Jeanne Dielman, 23, quai du Commerce, 1080 Bruxelles (1975)
Written & Directed by Chantal Akerman
Our lives are made up of rituals. We wake up, get dressed, clean ourselves, make food, and overall prepare for our day. This is just the opening of a single morning. There is comfort in ritual; repetition provides security because we can easily predict what happens next. The disruption of these rituals can upend all peace we feel, throwing us into a realm of conflict and volatile emotion. From a filmmaker’s perspective, it’s relatively common to compress and delete chunks of time that don’t flow into a structured narrative. You don’t often see a character going through every step of that morning routine on film; only the pieces the director or screenwriter has decided provide shorthand to understand a character or jumpstart a plot. Chantal Akerman threw all of this out the window to present an almost four-hour picture that, by focusing on tedium, illuminates a kind of life often discounted in the medium.
Single mother Jeanne Dielman spends her days in a regimented series of actions. We follow her over three days as she cooks and cleans, constantly moving and never devoting much time to herself. She cares for her teenage son, who attends school all day and comes home in the evening. They eat dinner and take a walk only to return and get ready for sleep. Folded into the daytime routine are Jeanne’s visits from male clients whom she has sex with, seemingly the only financial subsistence she has. The sexual encounters are also highly ritualized, with barely a sound coming from the bedroom. However, something happens that disrupts the flow on the second day, and Jeanne starts making silly mistakes. It all leads to her complete fracturing and a moment that sends ripples through the rest of the disciplined film.
Akerman has created a cinematic experience that refuses to dramatize the mundane and instead forces the viewer to sit and watch what we often see as unimportant. As a feminist, she spent a lot of time thinking about her mother and domesticity, coming to see beauty in the routines and how they are sacrificial acts of love for her child. The result is a picture that finds heroic nobility in the parts of a life cut from almost every film. As an audience, we learn how to read these scenes, pick up on subtle gestures and see when Jeanne breaks and reflects on her state of being.

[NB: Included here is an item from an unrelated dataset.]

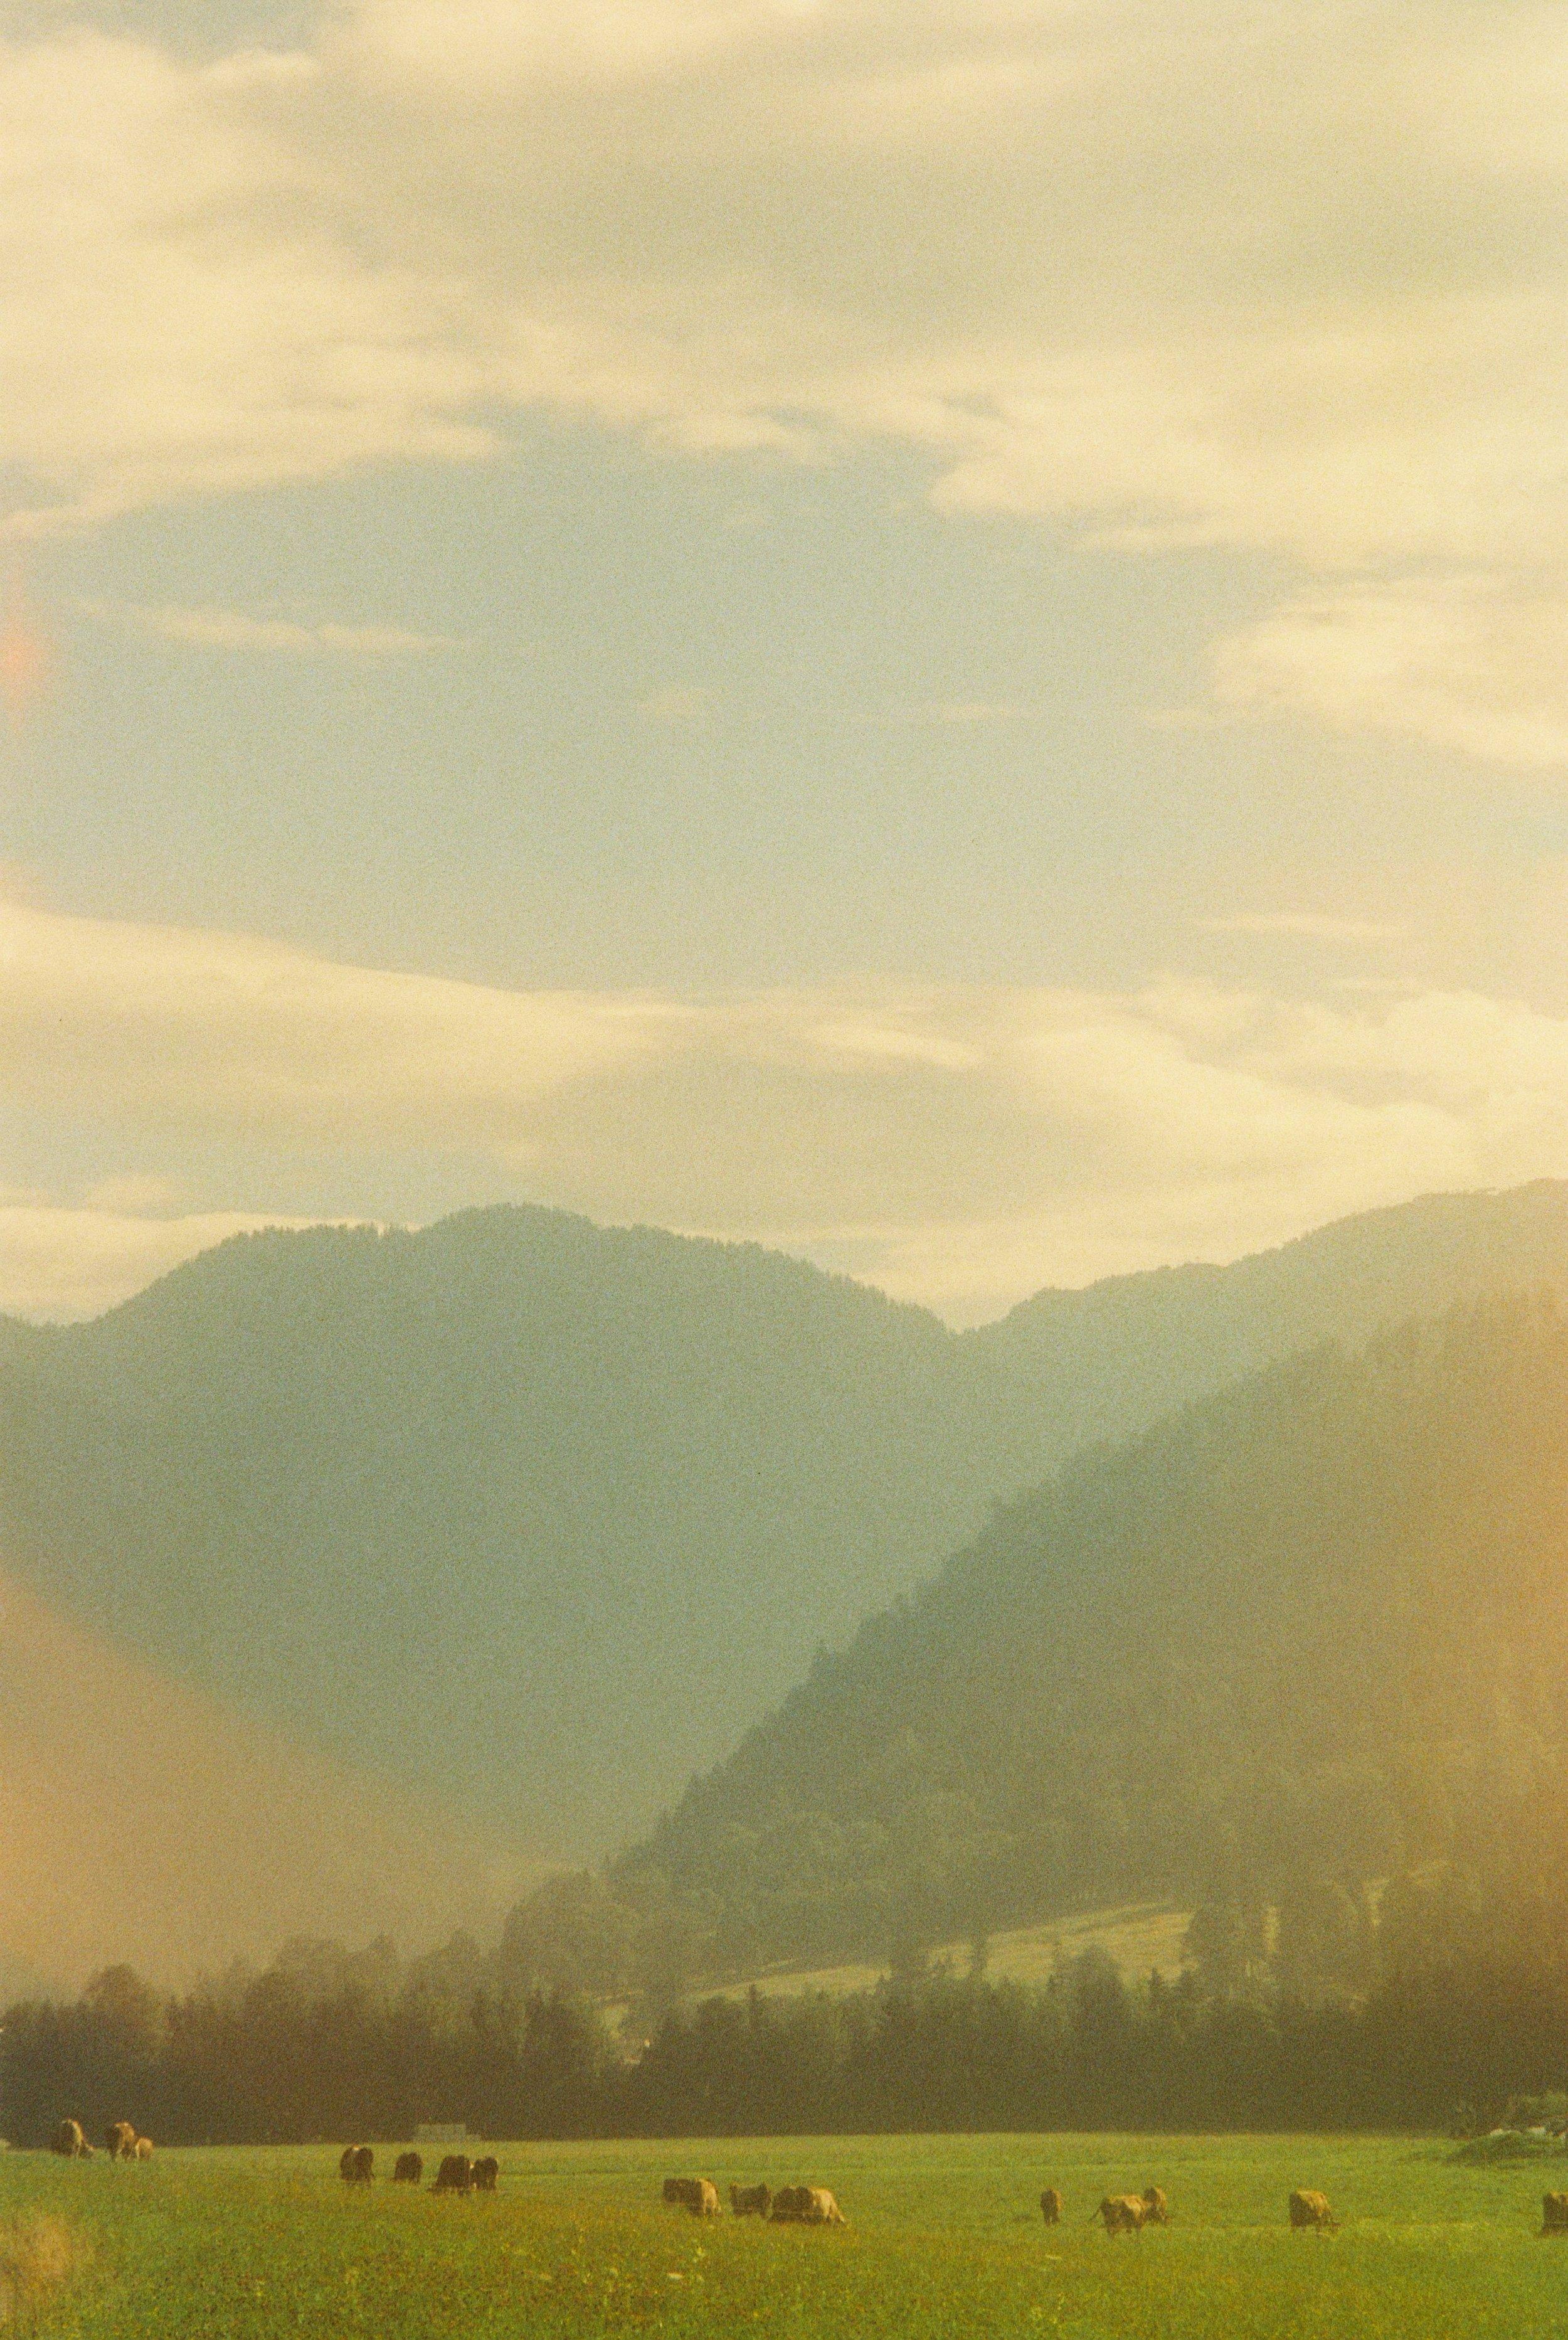 Kirchdorf, Tirol Austria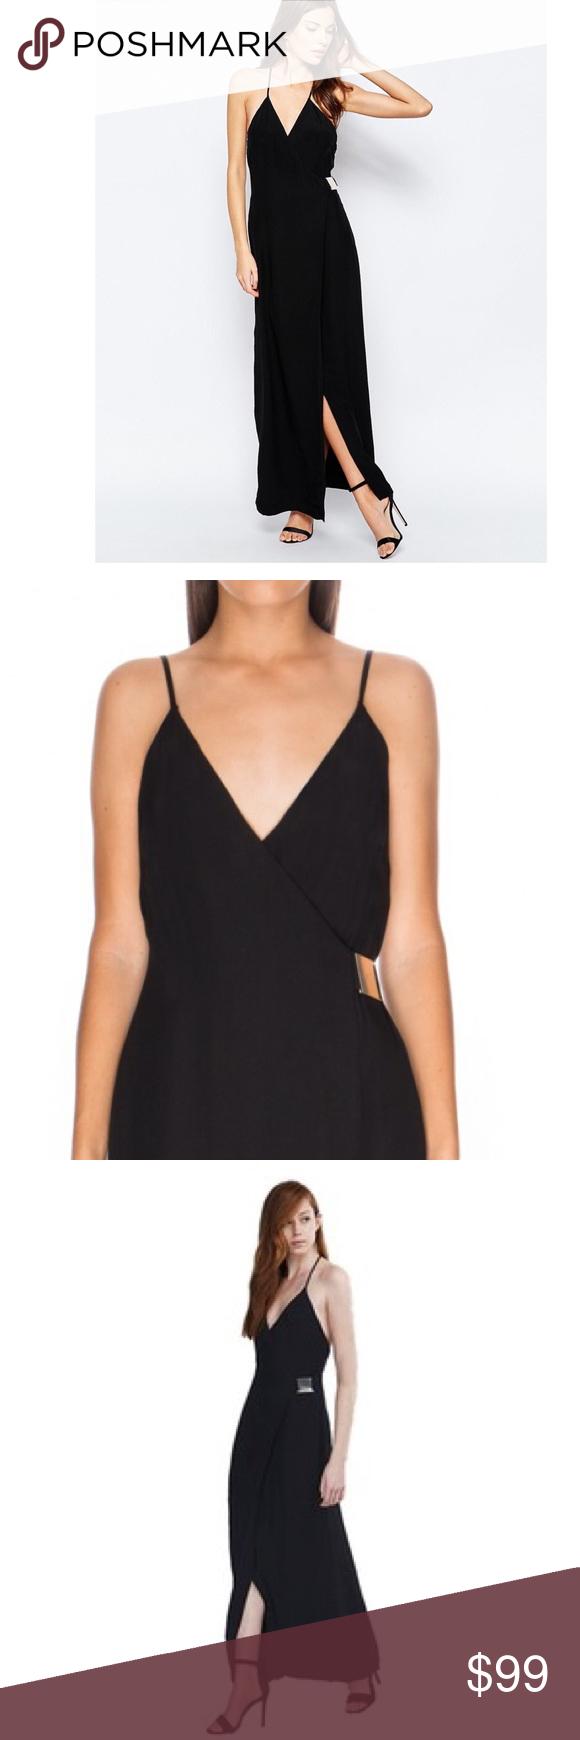 Keepsake Oasis Maxi Spaghetti Straps Dress Nwt Spaghetti Strap Dresses Fashion Clothes Design

This time spent on domestic action accentuates the brief glimpses of Jeanne’s sex work. It’s not until the end that the camera stays in the room with Jeanne and her client. Then, we see them go down a hallway, the door closes, and time passes until they emerge and money changes hands. Akerman has stated that historically women’s work comes out of oppression; they are usually lower in the hierarchy than men; thus, their labor is devalued in these systems. However, Akerman posits that out of oppression comes beautiful art that is often more interesting than what the top rung of the hierarchy ever produces.
In the film, Jeanne is spoken to in long-winded monologues, once by her son and another time by her neighborhood. These monologues appear to comment on Jeanne without ever talking about her. For example, her son brings up his Oedipal feelings as a child resentment against his father when he first learned what sex was. Her neighbor opines being unable to decide what to feed her family. These sudden explosions of speech never feel natural but very intentionally rehearsed, pushing against the flow of the routine but lacking authenticity in their presentation.
Akerman’s creative process led her to question the “hierarchy of images.” Why do we find some filmed images more interesting than others? Why is the image of a fire preferred over a table set for dinner? A couple having sex over a woman sitting enjoying a cup of coffee? We don’t really think about this consciously, but it is incredibly worth thinking about. Propagandized media is rife through Western culture, and it actively chooses and deletes images based on their perceived effectiveness. The images we are “passively” presented with push a preferred way of life that people in power desire to make a reality. Domestic labor is rarely romanticized because it ultimately does not produce wealth for those in power.
Domestic work is essential but hard to turn into effective propaganda based on the melodramatic standards of Western media. Instead, a particular image of the “working class” is manufactured, equating to “white, moderately or poorly educated, male.” Society is conditioned to read this shorthand without realizing it so that when discussions of the working class come up in policy discussion, it is never extended to people outside of those adjectives. It’s disturbing to see talks about the working class excluding jobs like teachers (often associated with women) or caregivers (also primarily associated with women). “Working class” is even spoken as a separate demographic despite so much labor in the States relying on Black, Hispanic, and immigrant people. This doesn’t even touch on how invisible disabled people are in the media and are never considered working class, despite the fact they are very much. If progress is ever to be made, then our society must become more actively aware of the forms propaganda takes and how the absence of specific images causes large portions of the population to have themselves and their needs rendered invisible.